YOUR ASSIGNMENT => Nothing but an exact copy is asked for: the lines in the material below from the one with "Navico S5100 high-performance" through the one with "Calico Sunrise", pictures excluded.

[Opening INFORMATION SHOWN section]

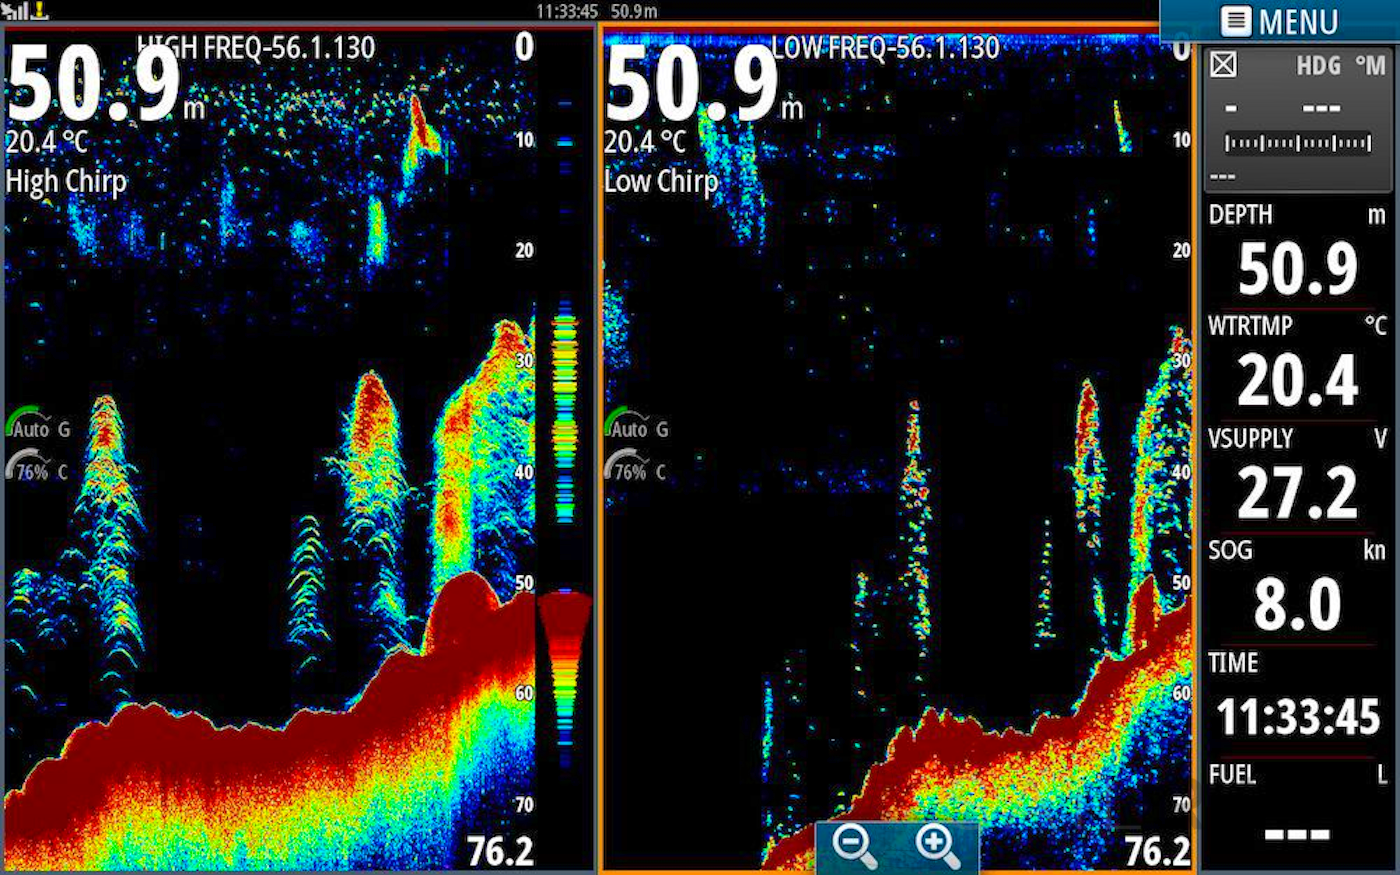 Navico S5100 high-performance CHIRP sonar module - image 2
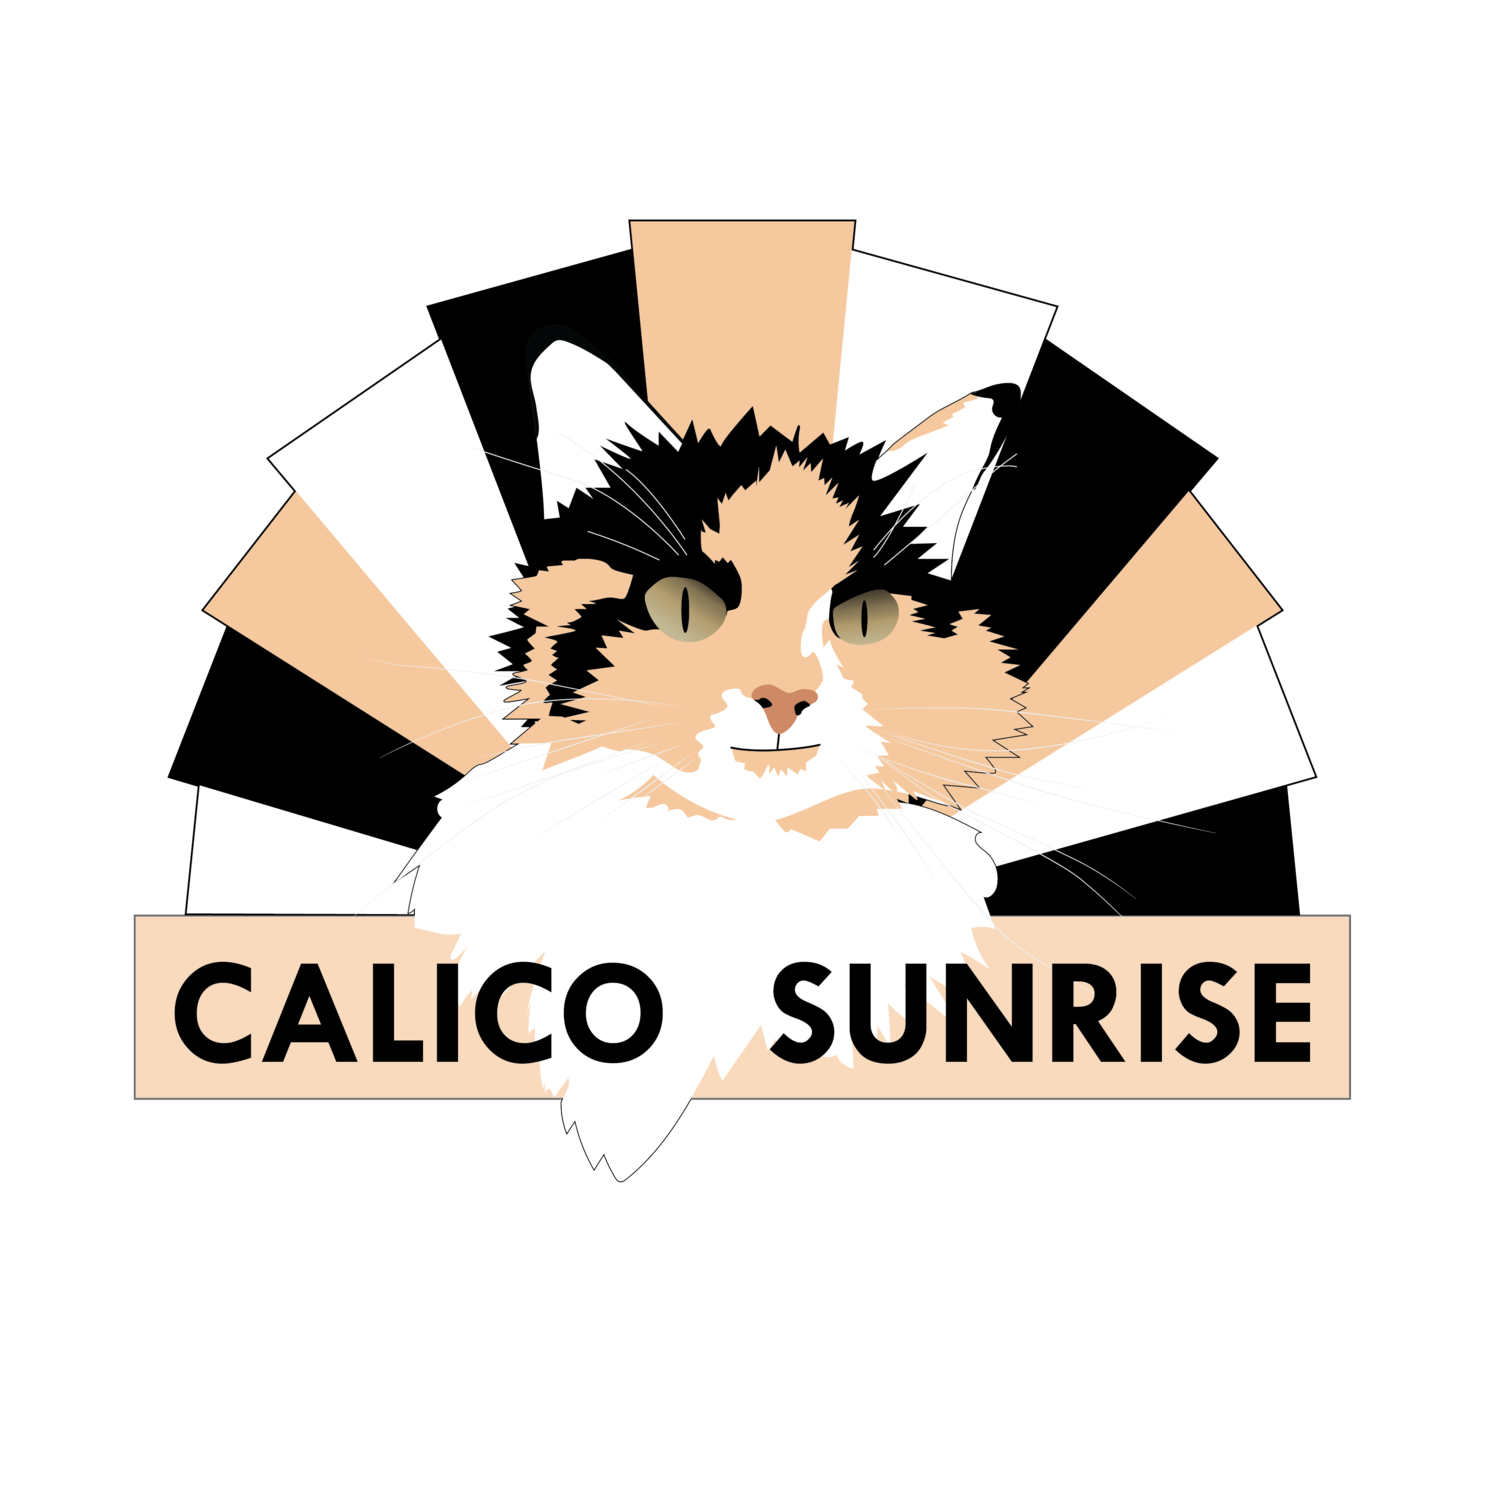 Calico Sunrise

[Closing INFORMATION SHOWN section]
[Opening INFORMATION SHOWN section]

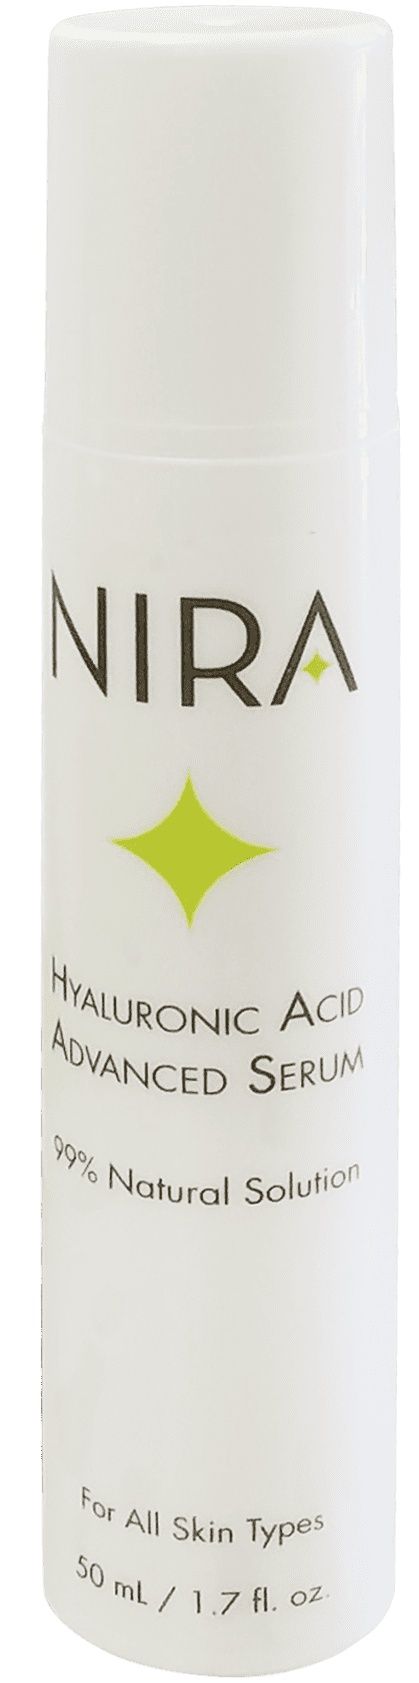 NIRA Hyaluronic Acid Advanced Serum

[Closing INFORMATION SHOWN section]
[Opening INFORMATION SHOWN section]

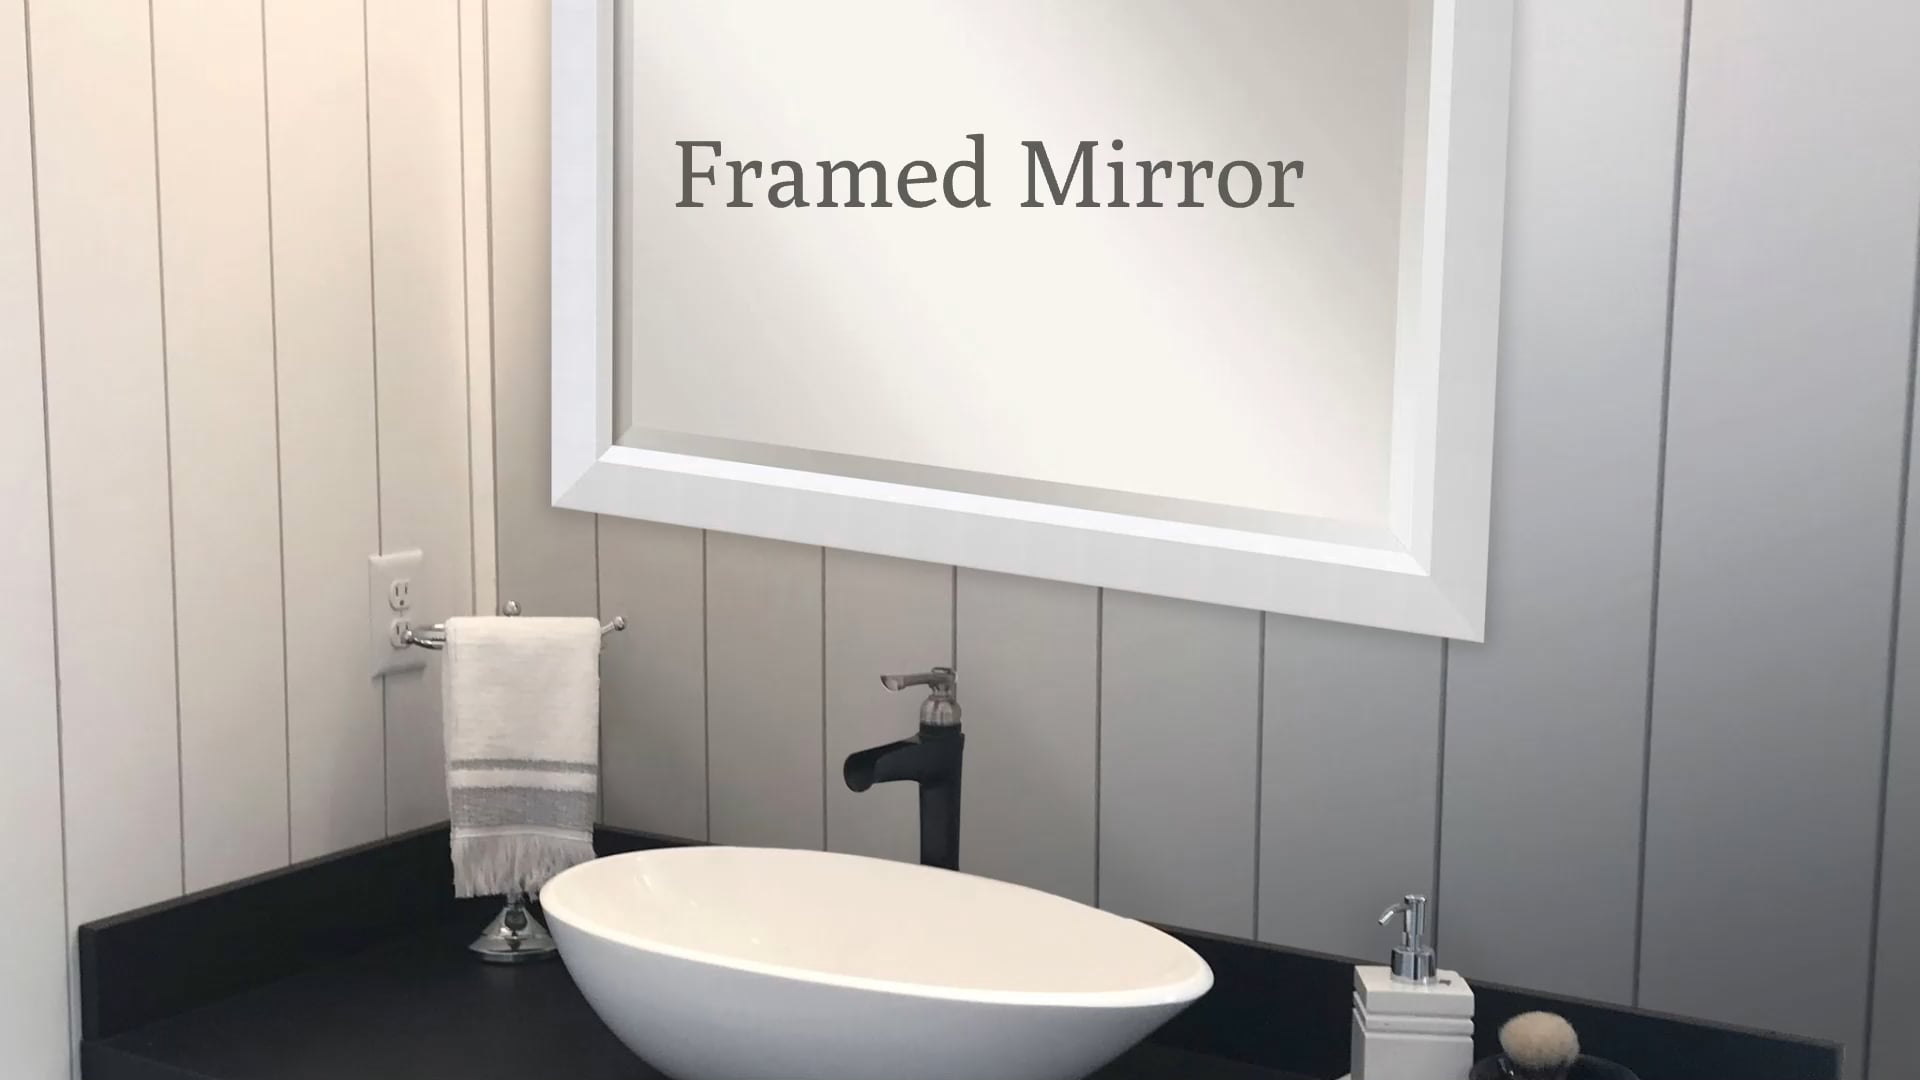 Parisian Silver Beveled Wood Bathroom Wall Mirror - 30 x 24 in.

[Closing INFORMATION SHOWN section]

FINAL ANSWER =>
 Navico S5100 high-performance CHIRP sonar module - image 2
 Calico Sunrise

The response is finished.